La sortie au parc d’attraction a permis de partager des moments de détente, de rire, de joie. Cela a beaucoup impacté la dynamique du groupe. Malgré la barrière de la langue entre les nigérianes (anglophones) et les autres résidentes, les sensations vécues conjointement sur les attractions ont resserré les liens et le sentiment d’appartenance au groupe. Il n’y a pas besoin du langage pour partager des sensations et des moments intenses. (Laura Perier.)

Un tremplin vers l’insertion

Malgré l’atmosphère détendue du séjour, il fut l’occasion de travailler l’autonomie et la responsabilisation des résidentes. Les activités et la vie quotidienne impliquaient le respect de certains horaires et de l’anticipation pour ne pas pénaliser le groupe. Les sorties dans les espaces publics les ont obligées également à apprendre à se comporter en société. Ces éléments, impliquant de la considération pour autrui permettent à chacune de s’ouvrir et d’anticiper la vie à l’extérieur du foyer.
Au final, ces vacances donnent aux femmes aussi un nouveau regard sur elles-mêmes, car elles prennent conscience de leurs capacités d’autonomie.

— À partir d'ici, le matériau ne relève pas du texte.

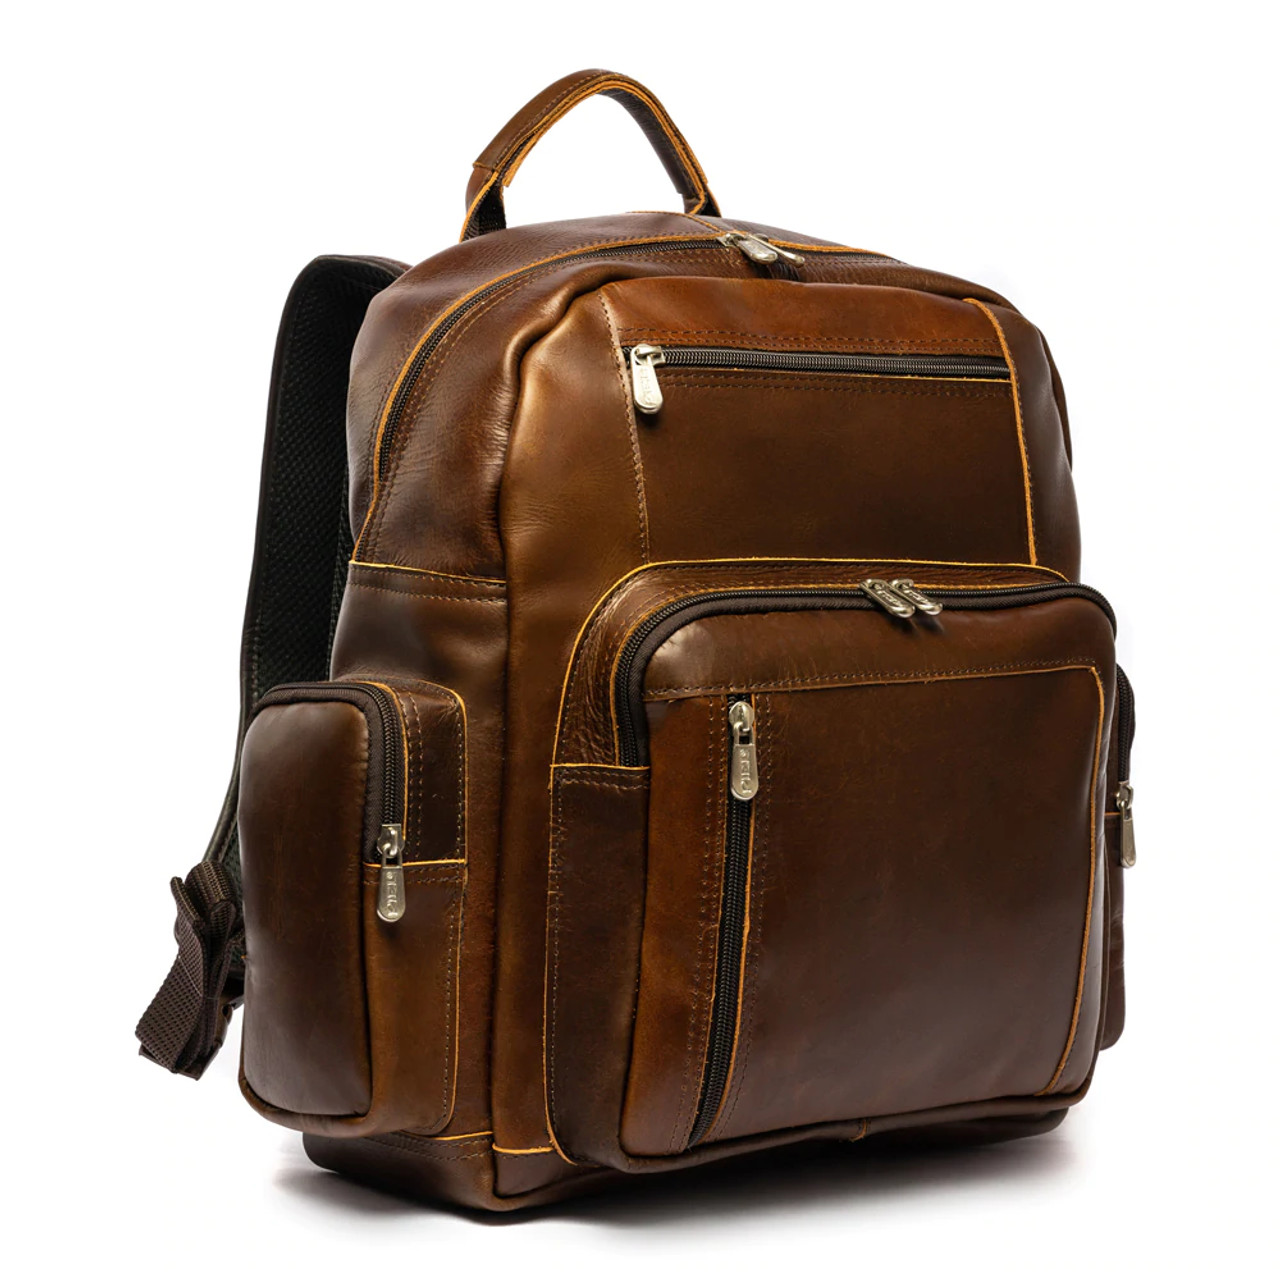 Piel Leather Vintage Travel Backpack 3028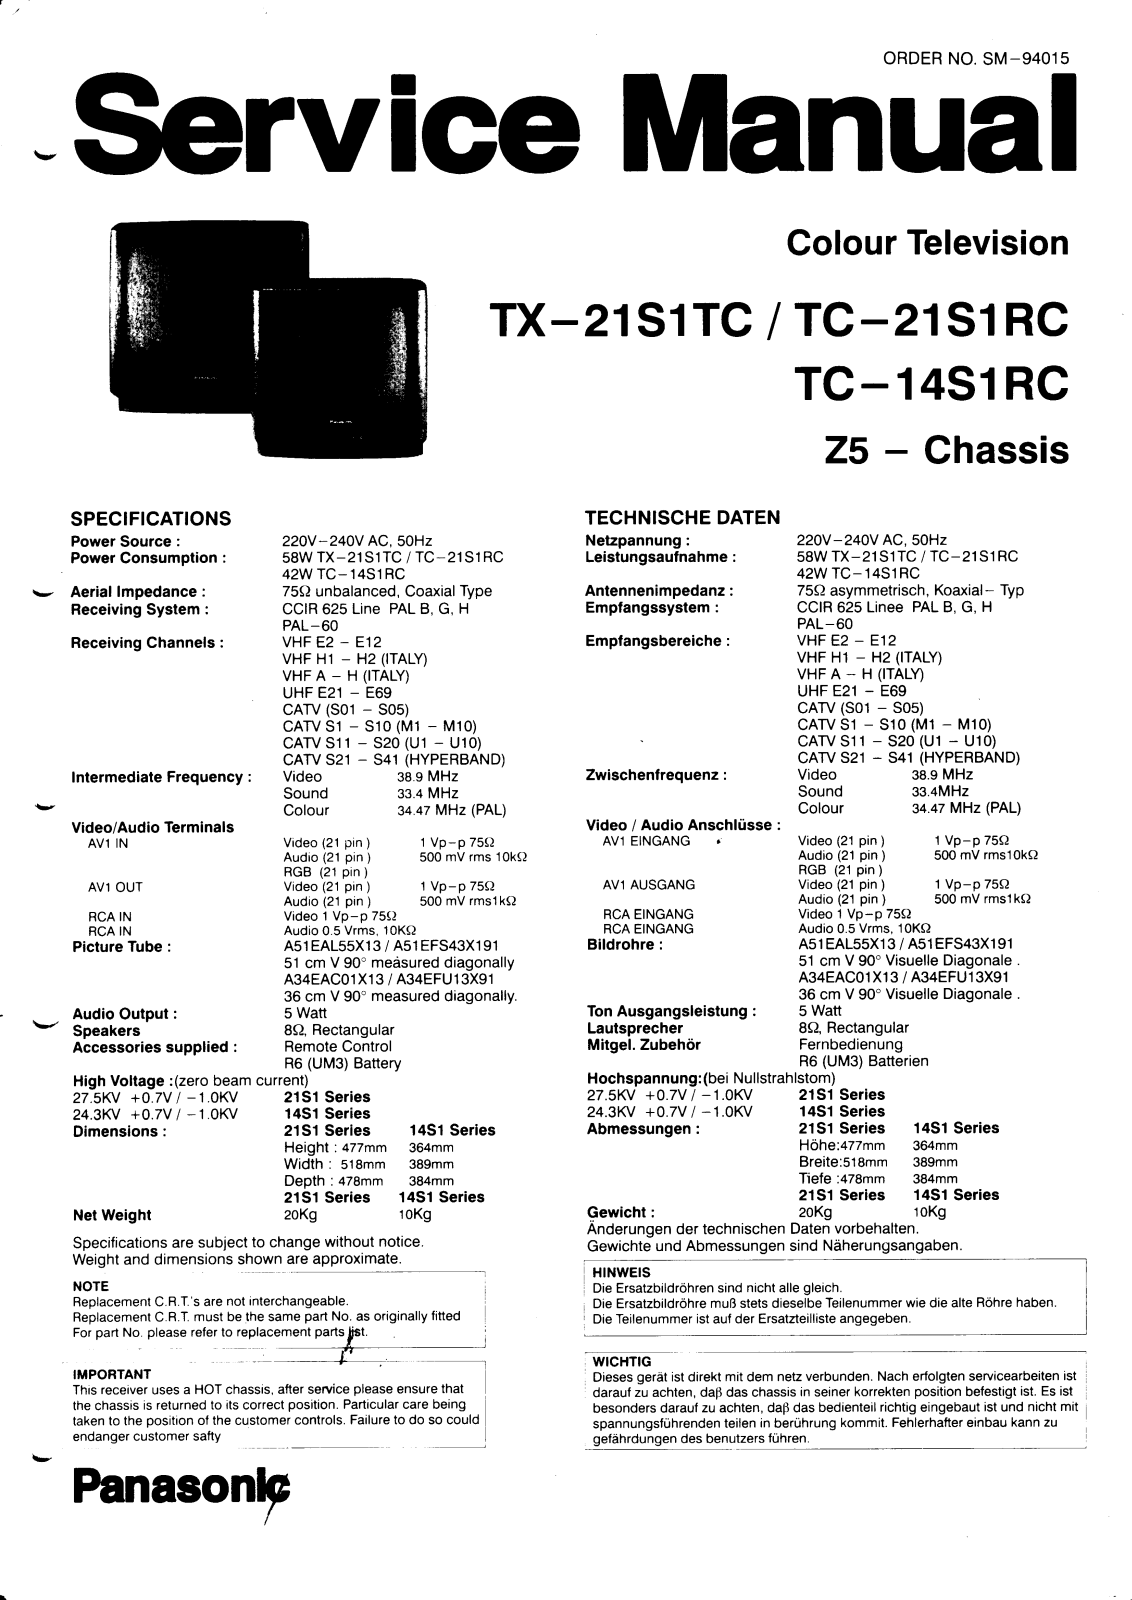 panasonic tx-21s1tc, tc-21s1rc, tc-14s1rc Service Manual

La sortie à la plage fut la découverte d’un nouvel environnement, calme, tranquille, loin du tumulte parisien. Cependant, nous n’étions pas les seules à profiter de ce cadre. Un comportement adapté au partage de l’espace publique était nécessaire. Cela nous a permis de travailler tout ce qui est savoir-vivre et savoir-être, en intégrant les autres dans notre environnement. (Laura Perier.)
 

AFJ

Organisme reconnu d’utilité publique crée en 1965 qui propose de la mise à l’abri et de la sécurisation pour les femmes victimes de traite à des fins d’exploitation sexuelle.
 
C’est un lieux de vie communautaire qui propose un accompagnement socio-éducatif, une prise en charge globale médico-psychologique et un soutien sur les démarches administratives et juridiques, individuel et personnalisé.

Le foyer, basé à Paris, compte 12 places, et un appartement semi-autonome pour 3 personnes.


Article écrit en collaboration avec Laura Perier, intervenante sociale à AFJ.